Start at the line that contains "Another great one, Shrek and Donkey running." in the listing below and extract every line through the last, exactly; leave pictures out.

- Data
* * * * * * * * *
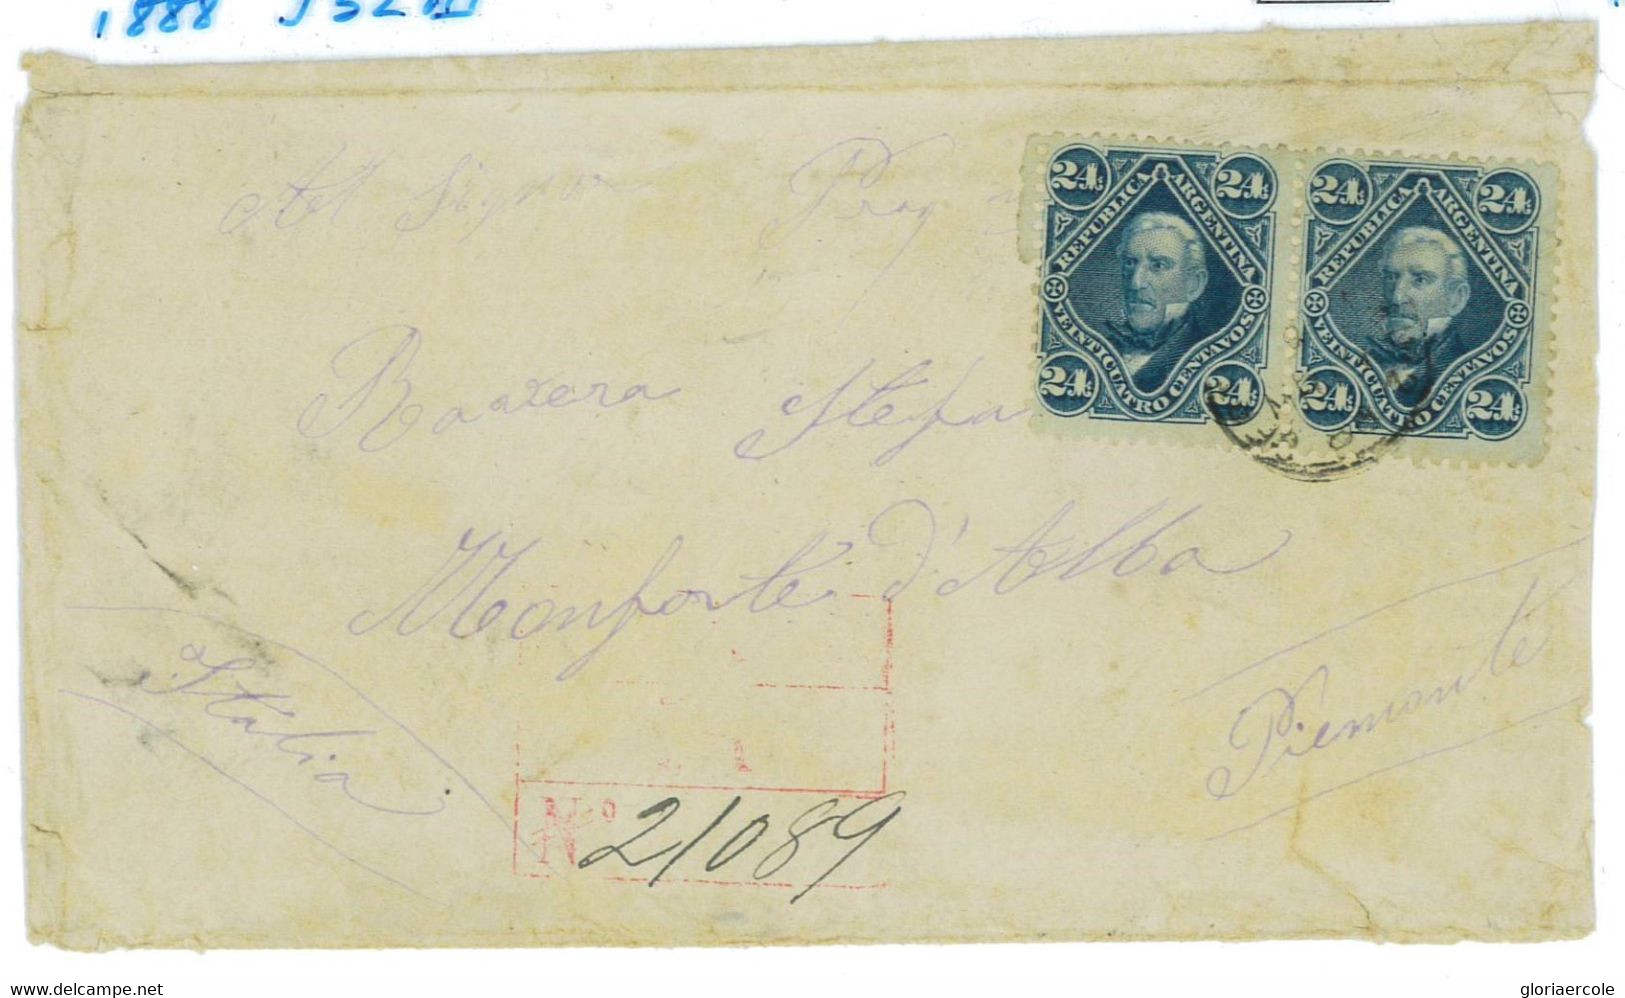 P0253 - ARGENTINA - POSTAL HISTORY - Jalil # 52 Pair - REGISTERED COVER  To ITALY  1888 - Lettres & Documents
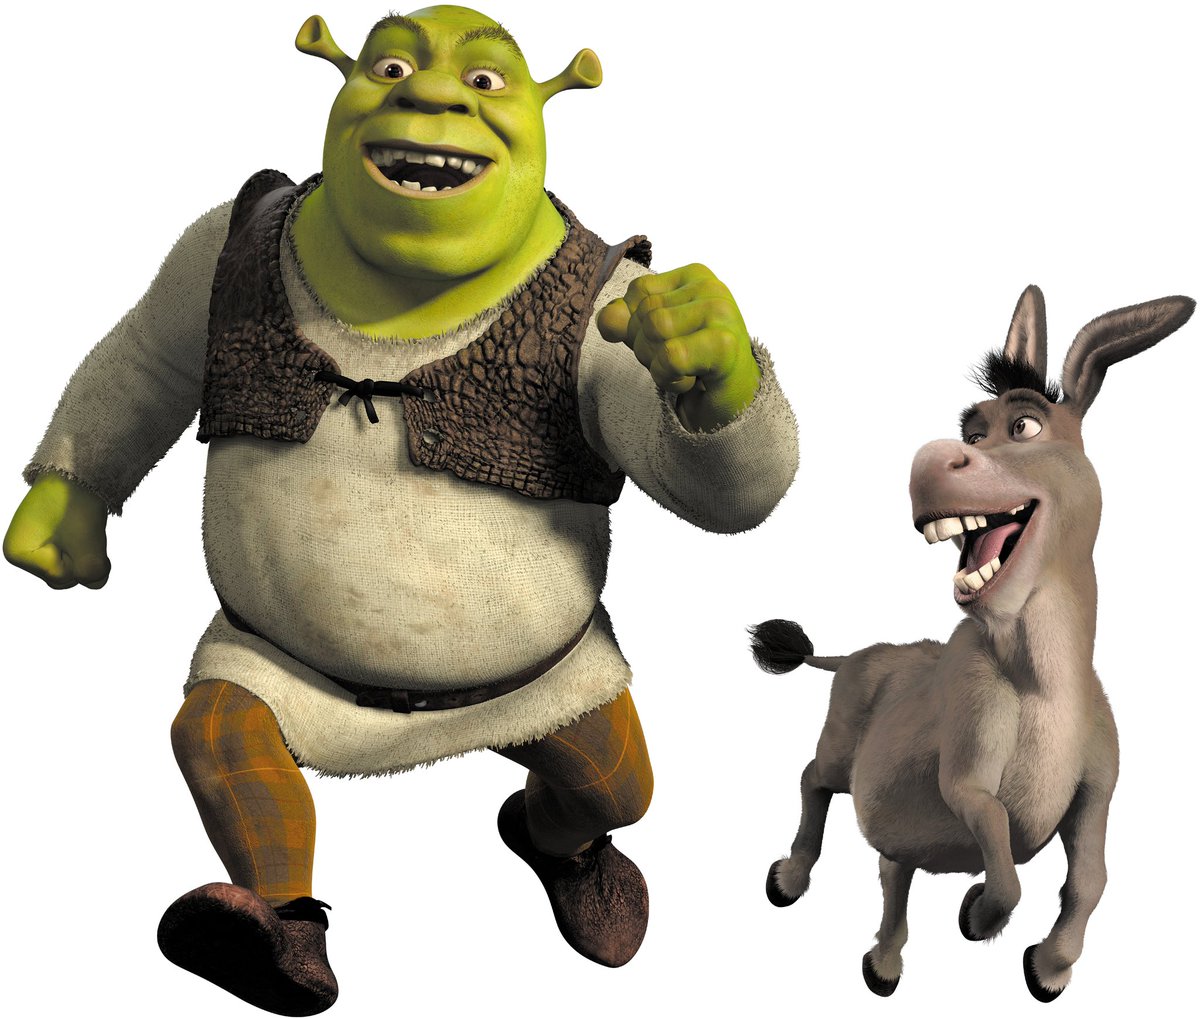 Another great one, Shrek and Donkey running.
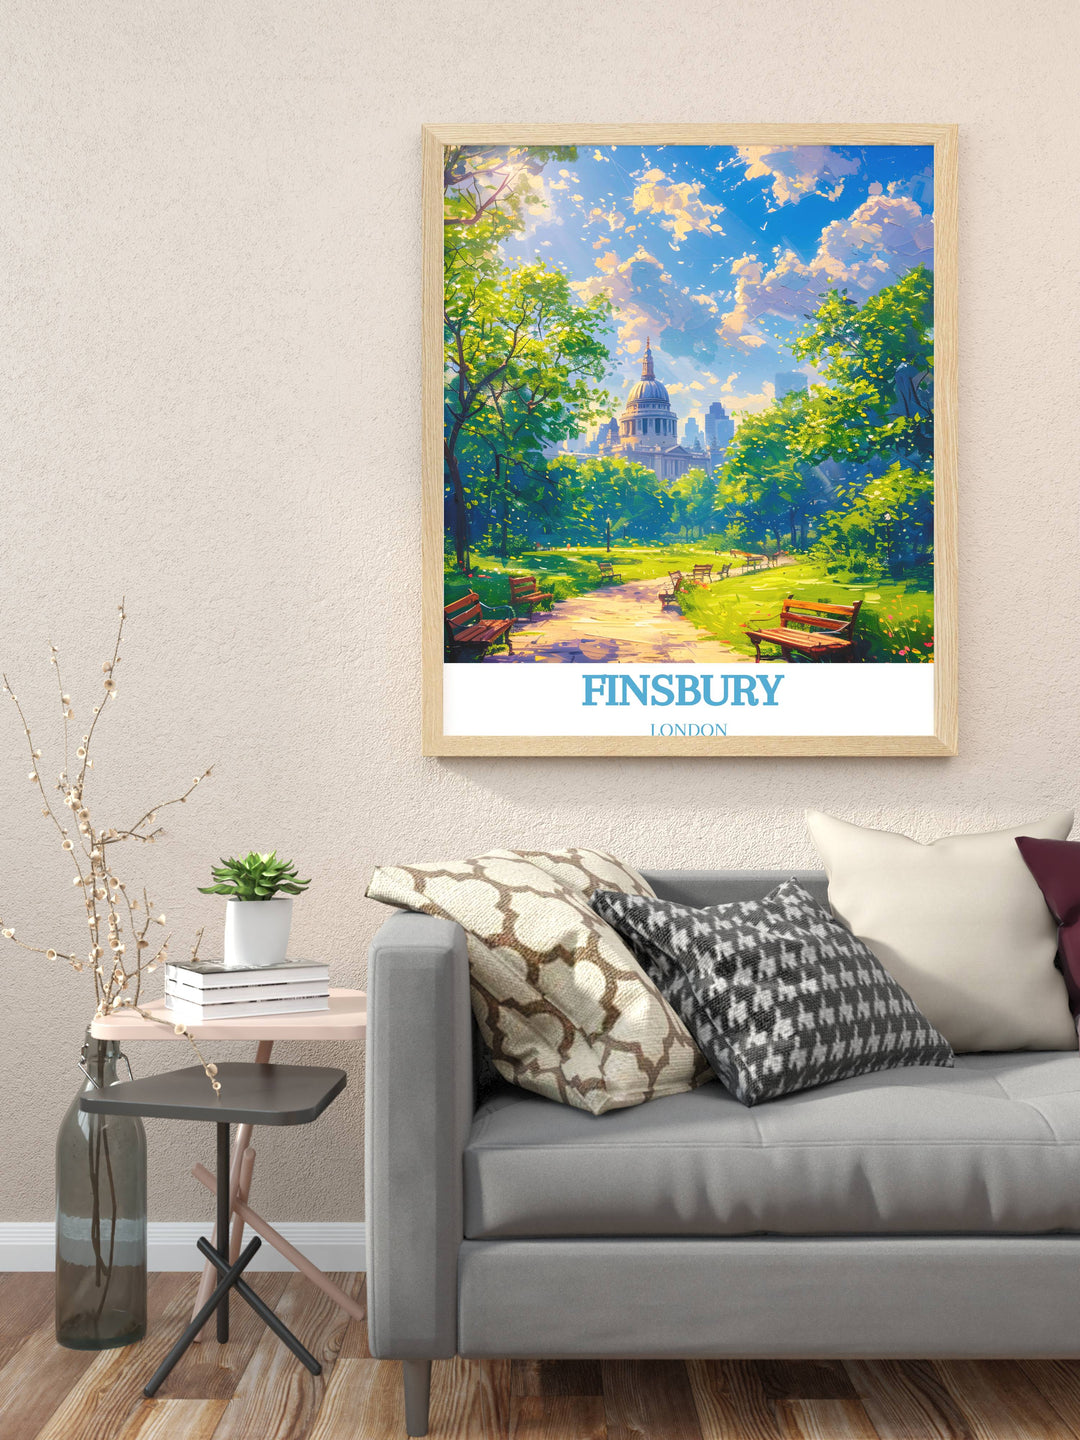 Beautifully crafted Finsbury Park framed print showcasing the parks lush greenery and peaceful atmosphere. Perfect for home decor, this vintage travel print adds a timeless touch to any room, making it a cherished piece of wall art.
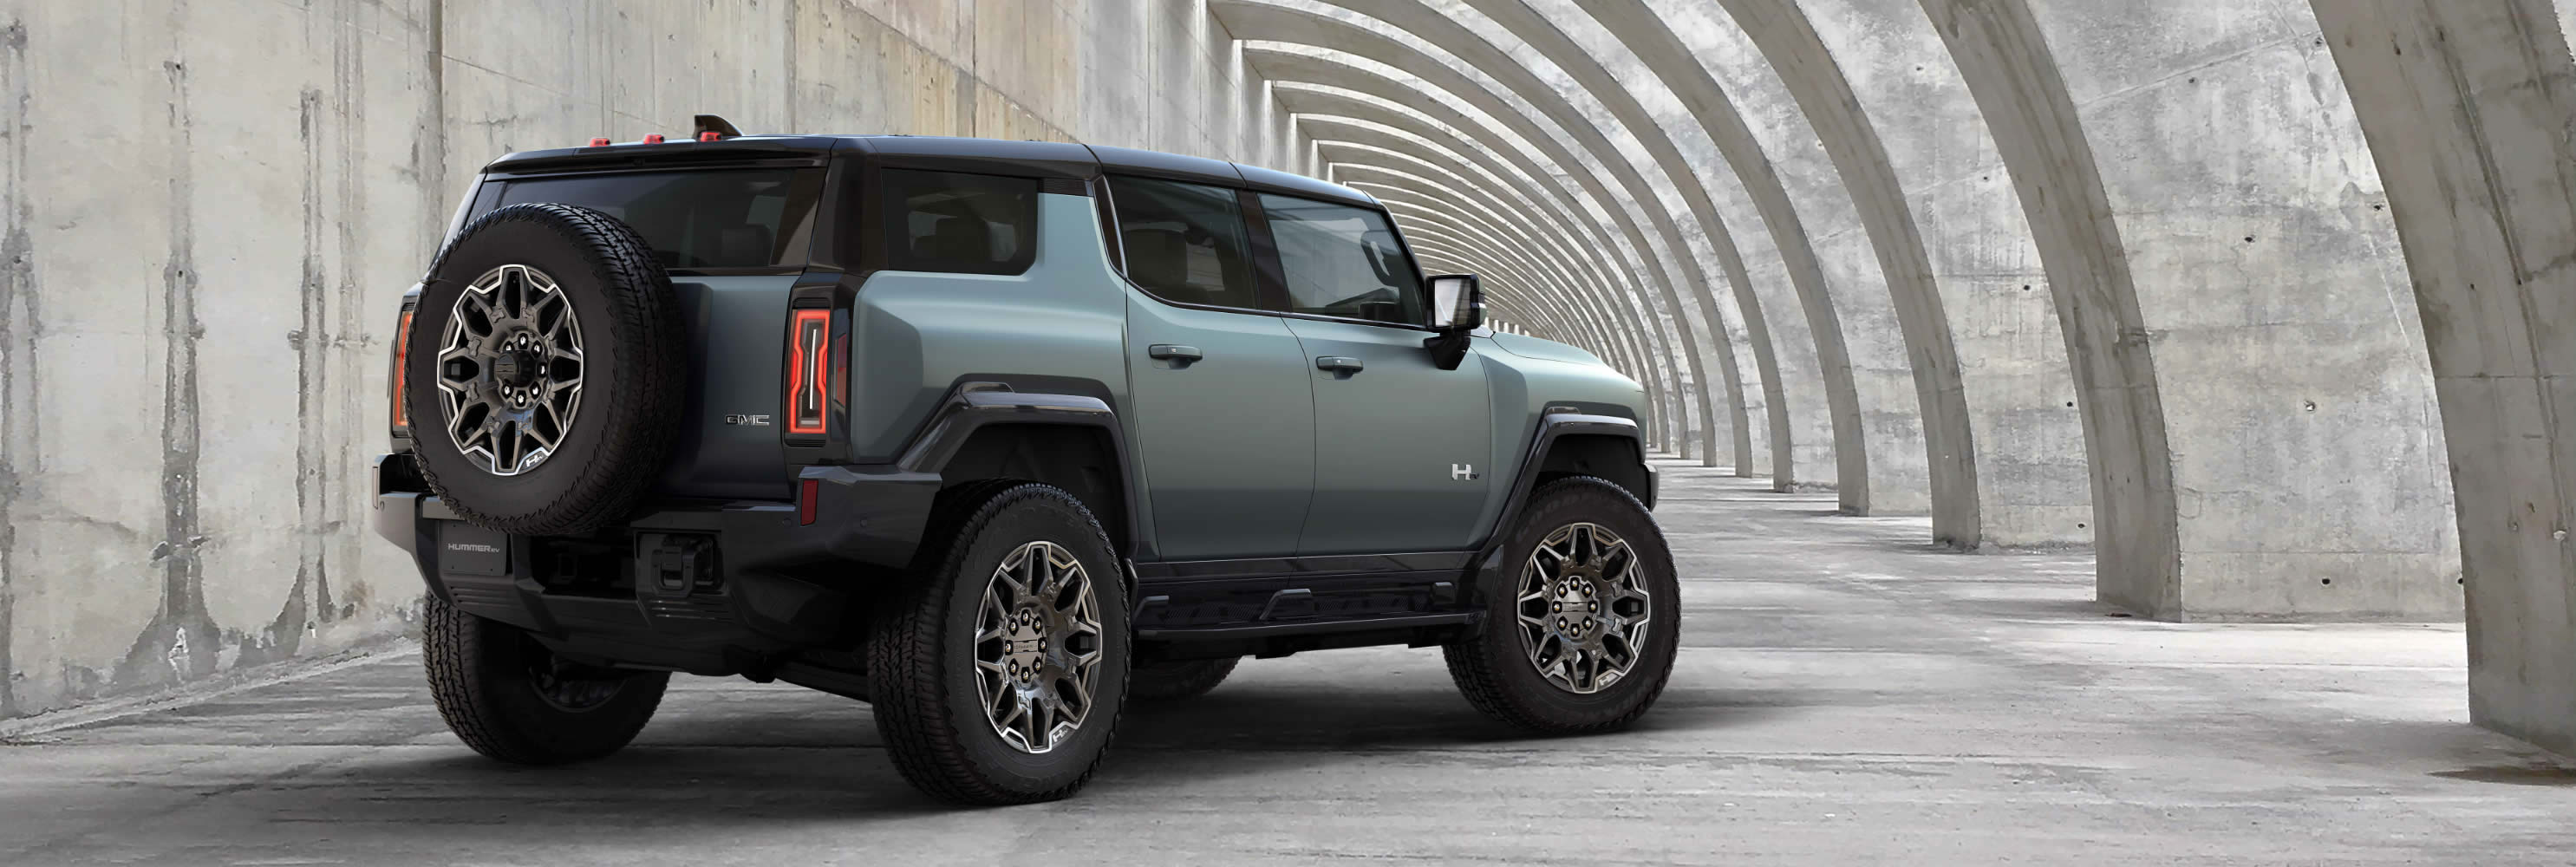 2020 GMC HUMMER EV Electric Truck Side Angle Exterior View
* * * * * * * * *
- Answer section
 Another great one, Shrek and Donkey running.
 Beautifully crafted Finsbury Park framed print showcasing the parks lush greenery and peaceful atmosphere. Perfect for home decor, this vintage travel print adds a timeless touch to any room, making it a cherished piece of wall art.
 2020 GMC HUMMER EV Electric Truck Side Angle Exterior View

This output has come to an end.